Today I went to the Mitchell Canyon entrance to Mt. Diablo, a part of the big mountain I’ve never visited before. I hiked, mostly off trail and across country, up and down some very steep slopes, slick with tall grass. Everything’s still green, for now, from the recent rainfall we’ve had. But California’s snowpack’s 40 percent below normal and we’re facing another deadly dry summer and autumn. So it felt good to enjoy a brief, ephemeral springtime today for two or three hours.

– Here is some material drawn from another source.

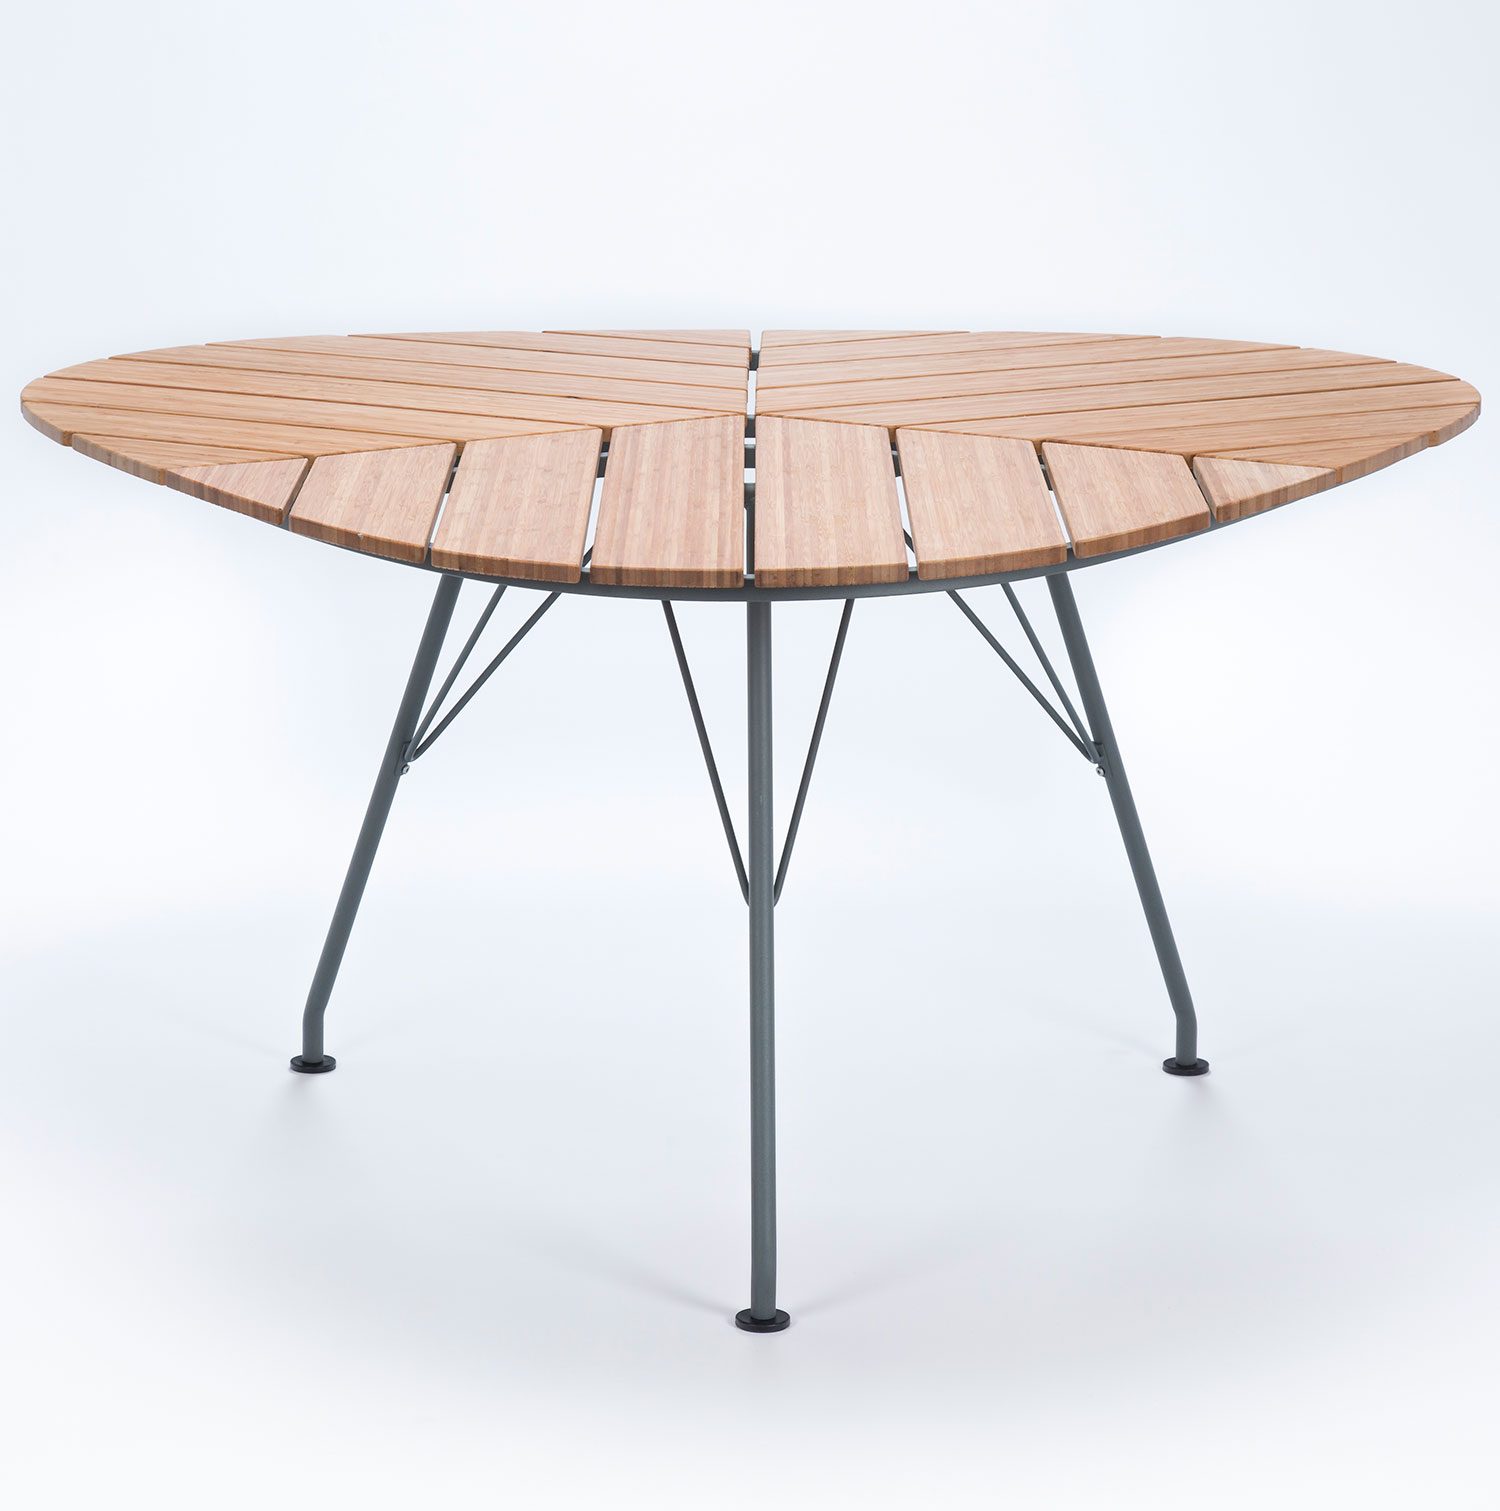 Leaf är ett trekantigt bord från danska Houe med bambuskiva och stålstativ.

I started my hike on “Bruce Lee Trail.”
A rusty water tank with Clayton Quarry in the background.
Ranunculus.
Shooting Star, Dodecatheon clevelandii.
Blue Dicks, Dichelostemma capitatum.
Purple sanicle, Sanicula bipinnatifida.
A pale crab spider hiding in a poppy.
Aesculus californica.
My idyllic lunch spot.
Pinus coulteri.
Eleodes gigantea, one of our largest beetles.
It’s called a “headstand beetle” due to its defensive pose.
Sceloporus occidentalis.
An itinerant grasshopper.
Oak apple galls.
Mistletoe, Phoradendron serotinum.
Tom turkeys parading in the crepuscule of the forest.